The downside is that plastic fascias are easy to damage and very expensive to repair — which is one reason why insurance costs for modern cars are so high.
Q: Why do many front-wheel-drive (FWD) cars still have a driveshaft “hump” on the floorboard?
One of the design advantages of the FWD layout is the entire drivetrain — engine, transmission and axle — are packaged together up front, eliminating the need for the hump in the floorboard (in a rear-drive car) that would otherwise need to be there for the driveshaft, which in a rear-drivecar runs from the engine up front to the drive axles out back. The hump divides the interior space of the cabin straight down the middle, turning a potential six-passenger car into a five-seater. Early FWD cars like the 1960s-era Oldsmobile Toronado boasted huge interiors with considerably more room for passengers than an otherwise similar rear drive car.
But modern FWD cars also sit very low to the ground — and designers have found a new use for the “driveshaft” tunnel as a place to tuck the exhaust pipe and other components so they don’t scrap the ground. The downside is the “flat floorplan” (and more usable interior space) you’d normally get as a benefit of the FWD layout has been lost.
Q: It says “4WD” on the bumper, but there’s no Low range. What gives?
Technically, both traditional truck-style four-wheel-drive systems with a two-speed transfer case (and Low range gearing) and the increasingly popular all-wheel-drive systems being offered in many cars, wagons and light-duty SUVs are both “4WD” — since both systems do, in fact, drive all four wheels – – at least part of the time.
But the marketing of all-wheel-drive as “4WD” is a bit deceptive, since that term (4WD) has traditionally been used to refer to a heavy-duty, truck-based system with a two-speed transfer case and Low-range gearing designed for dealing with deep snow, mud and so on.
Reason? “4WD” sounds more masculine than “AWD” — which is why several automakers describe their lighter-duty AWD systems as “4WD.” It’s technically accurate — but also a bit deceptive. Before you buy, be sure you know what you’re buying and that it meets your needs — no matter what it says on the bumper.
Q: Is it just me, or have doors been getting higher (or seats getting lower?)
Both. If you’re old enough to remember the cars of the ’80s and before, you also remember that you used to be able to comfortably rest your left arm on the top of the door, with the window rolled down, on warm sunny days. That is increasingly hard to do on most new cars.
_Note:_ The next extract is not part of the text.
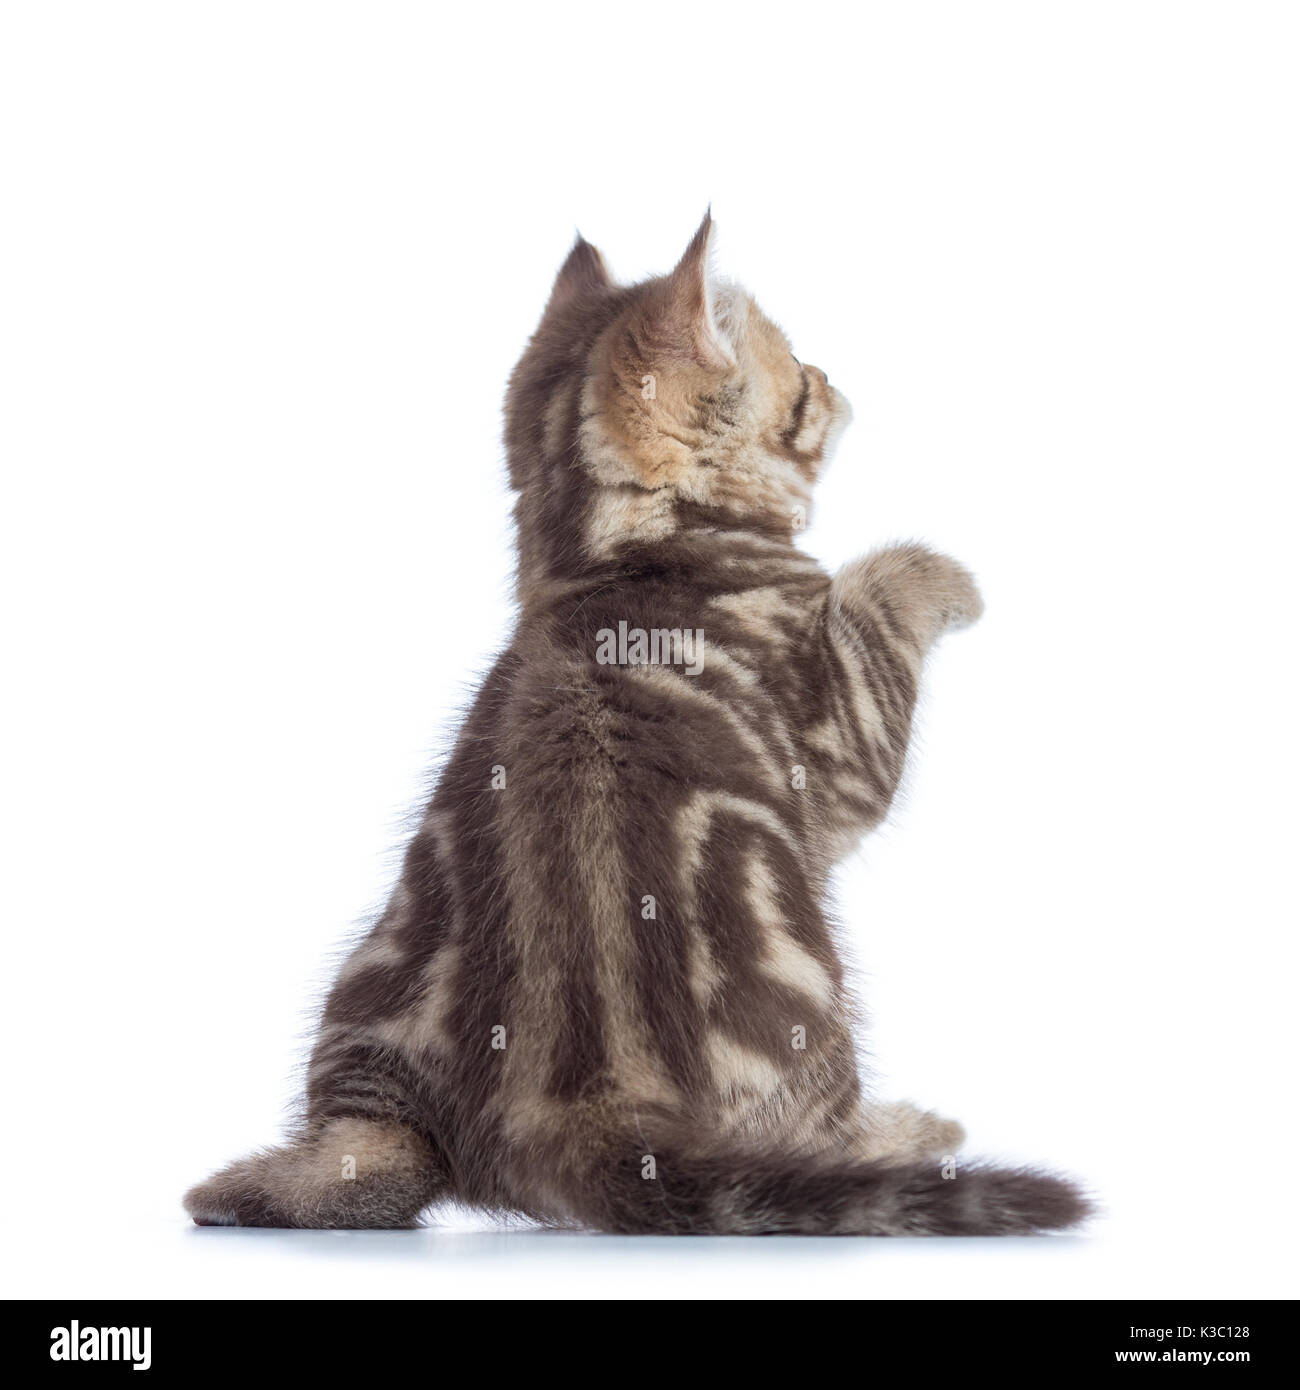 Ansicht der Rückseite des verspielten tabby-cat Kitten auf weißem Hintergrund Stockfoto

Reason? In order to improve occupant protection in a side-impact crash, doors have been “built up” so that more reinforced steel (and less glass) is between you and that SUV that just ran the red light. There are also design considerations having to do with the placement of side-impact air bags. You may not be able to rest your left arm on the sill as you drive – but you’ll be safer if someone T-bones you at an intersection.